Ligation of incompatible overhangs - (Jul/14/2006 )
Hi fellows,
I want to know what happens in a ligation reaction when you've got cohesive overhangs in the 3'end but in the 5' end you've got incompatible overhangs. I know that the 3' end it's going to ligate well, but I'm not sure what is going to happen in the other end.
I want to know what happens in a ligation reaction when you've got cohesive overhangs in the 3'end but in the 5' end you've got incompatible overhangs. I know that the 3' end it's going to ligate well, but I'm not sure what is going to happen in the other end.

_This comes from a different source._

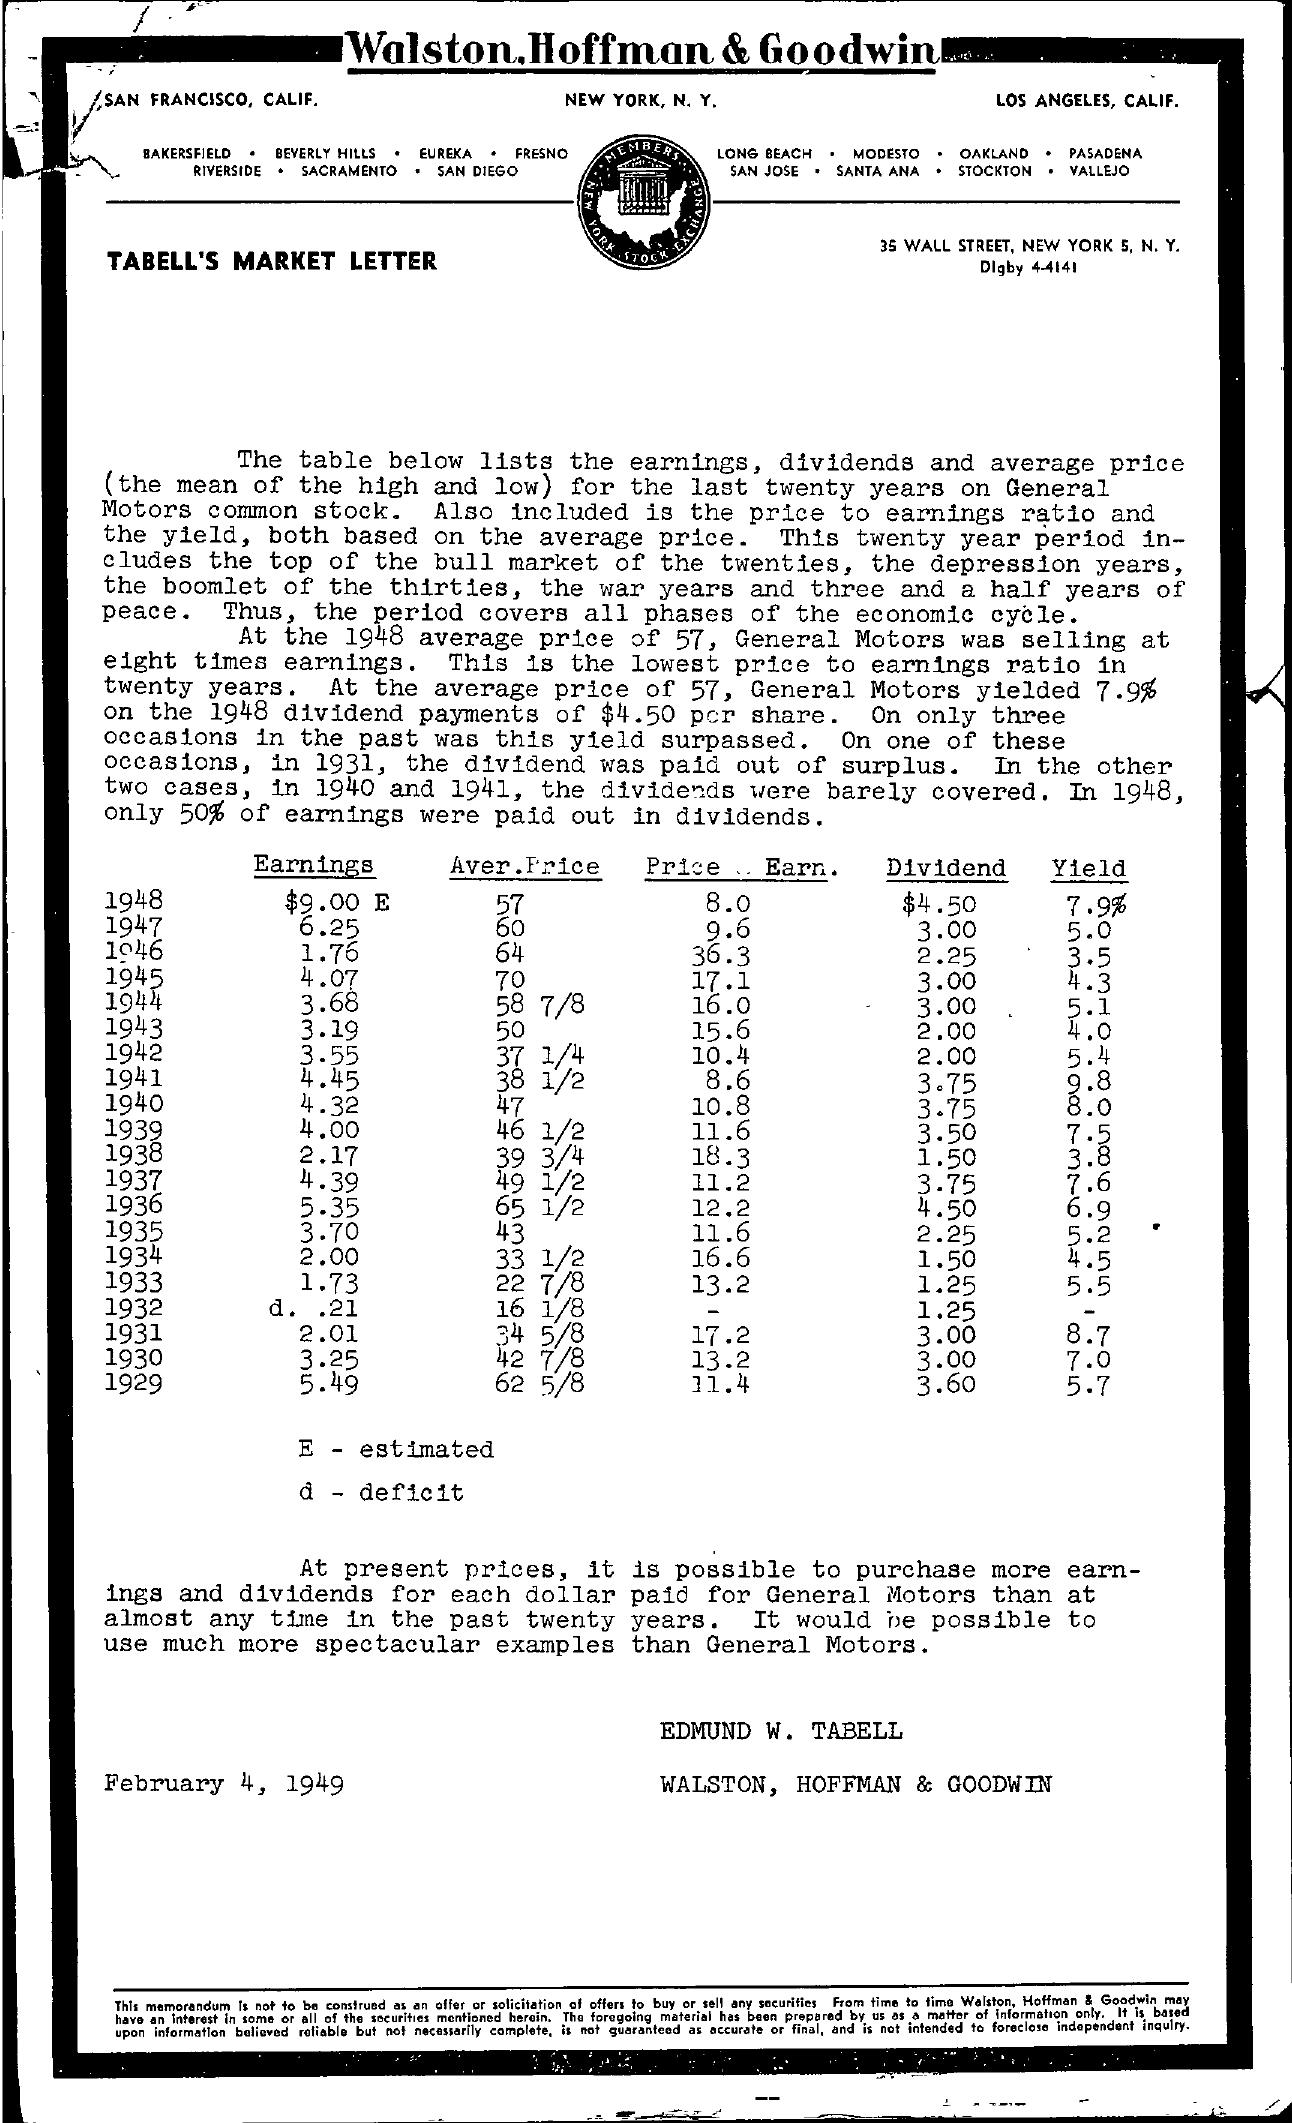 Tabell's Market Letter - February 04, 1949

In theory the incompatible overhangs shouldn't ligate because the two overhangs are not complementary.
hi
i agree with DNAfactory.
In case of ligation, almost every possibility can happen, ranging (base per base) from reconstituing the 1 site or keeping 5/4/3/2/1 or 0 bases of this site..
In every case, sequencing is the only true method.
But it gonna be a crzay cloning.
I want to know what happens in a ligation reaction when you've got cohesive overhangs in the 3'end but in the 5' end you've got incompatible overhangs. I know that the 3' end it's going to ligate well, but I'm not sure what is going to happen in the other end.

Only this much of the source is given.